27 Siehe Webseite: https://www.verantwortung-erde.org/
Aus diesem Wunsch nach Veränderung ist 2015 eine dezentrale wirtschafts- und politkritische Bewegung entstanden. Diese hat das Potential und nicht das Versäumnis im Fokus: „Was wir uns wünschen, versuchen wir umzusetzen (…) indem wir mit unserem Denken und unseren Handlungen Schritte setzen, deren Richtung wir selbst bestimmen“ (ERDE Blatt, 2021, S.5). Übergeordnetes Ziel ist stets das Erreichen einer möglichst großen Unabhängigkeit von Strukturen, die auf Kosten anderer Menschen und der Natur etabliert wurden und sich daher ausbeuterisch gestalten. Dieses Bestreben setzen die Erdlinge auf vielfältige Weise und auf verschiedenen Ebenen um: Durch die Etablierung eines offenen Freiraums, die Bewirtschaftung eines auf Selbstversorgung ausgerichteten Gemeinschaftsgartens und das Vertretensein im Villacher Gemeinderat (siehe Abschnitt 3.2.3).
Die ERDE nimmt dabei bewusst keine konkretere (rechtliche) Form an. Dementsprechend gibt es keine Mitgliedschaften oder andere Voraussetzungsbedingungen, um partizipieren zu können
29
. Vielmehr ist das Sein und Wirken der Erdlinge in eine dezentrale und hierarchiefreie Organisationsform eingebettet.
3.2.1 Der Freiraum ERDE
Eine wichtige Rolle beim Etablieren alternativer Strukturen spielt für die Erdlinge das Schaffen von Freiräumen, in denen sich mit Gleichgesinnten getroffen und gemeinsam ausprobiert werden kann: „Ein großer Bereich des Wandels betrifft die Gestaltung von Lebensräumen – die Räume, in denen man gerne sein Leben verbringt, sich wohl fühlt und mit anderen Menschen in Beziehung treten kann. Bei der aktiven Gestaltung geht es darum, dass Orte der Begegnung und Plätze der Kommunikation entwickelt werden, wo Menschen zusammentreffen, wo Austausch stattfindet und neue Ideen entstehen können“ (Webseite).
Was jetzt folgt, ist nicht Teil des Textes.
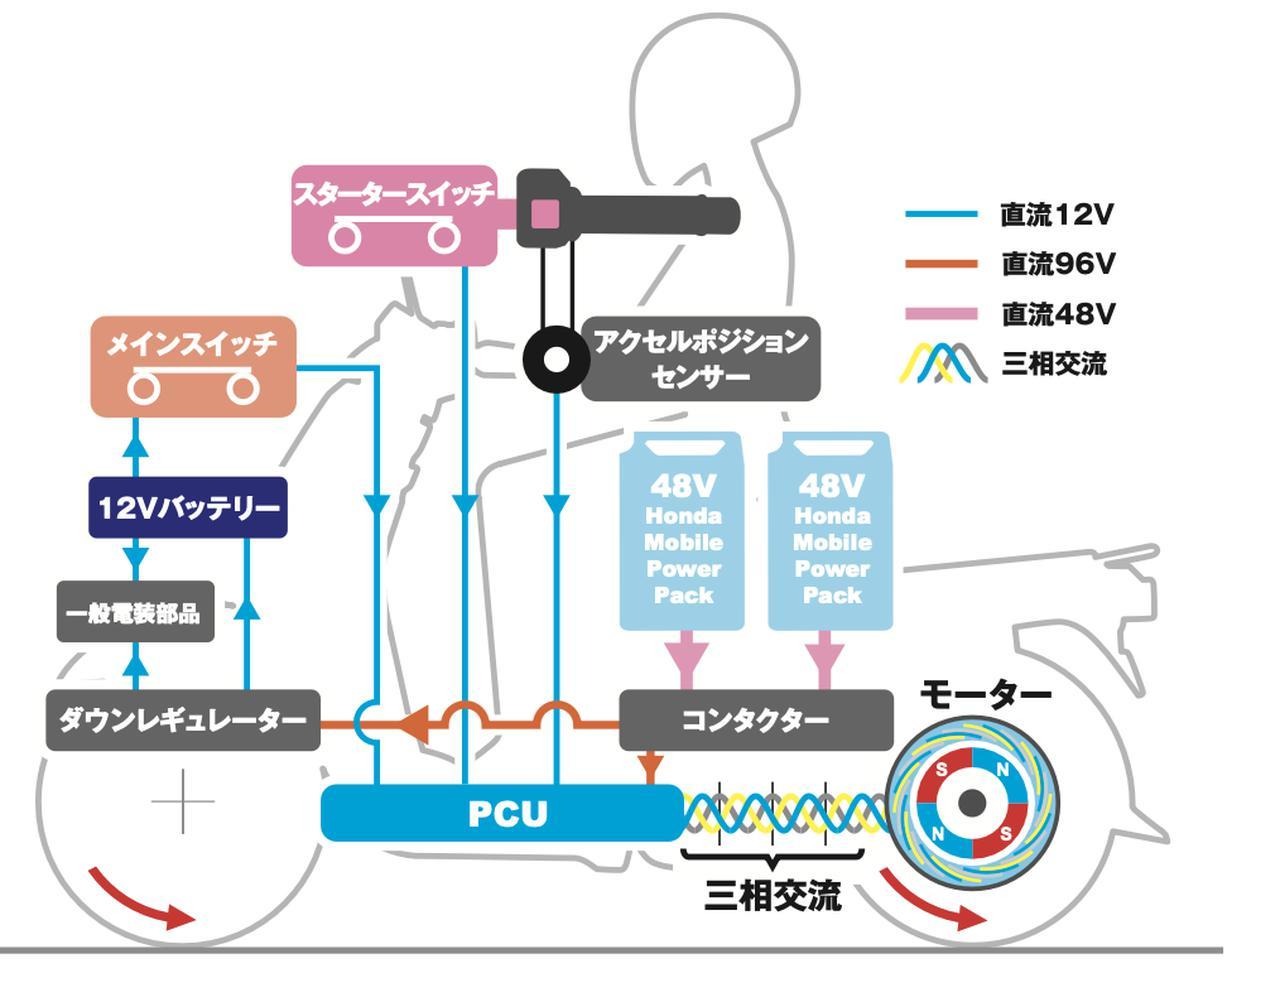 画像: BENLY e:シリーズの、システム作動概要イメージ図。PCX ELECTRICと同じく2個のモバイルパワーパックを、コンタクターで直列接続した96V系の電力を使用。ダウンレギュレーターは、モバイルパワーパックからの供給電圧を96V系から12V系へ降圧し、EVシステム以外の灯火類や12Vバッテリーなどの電装部品へ電力を供給しています。 www.honda.co.jp

29 Daher lässt sich auch nicht festmachen, wie viele Menschen genau Teil der Bewegung Verantwortung ERDE sind. Eine Befragte äußerte hierzu: „Man könnte jetzt vielleicht schätzen, dass in unserem engeren Kreis vielleicht 100 Menschen sind und in unseren weiteren Kreisen ein paar Hundert, aber das schätzt auch jeder anders, deswegen sind diese Schätzungen eh völlig egal eigentlich“ (M., S.15).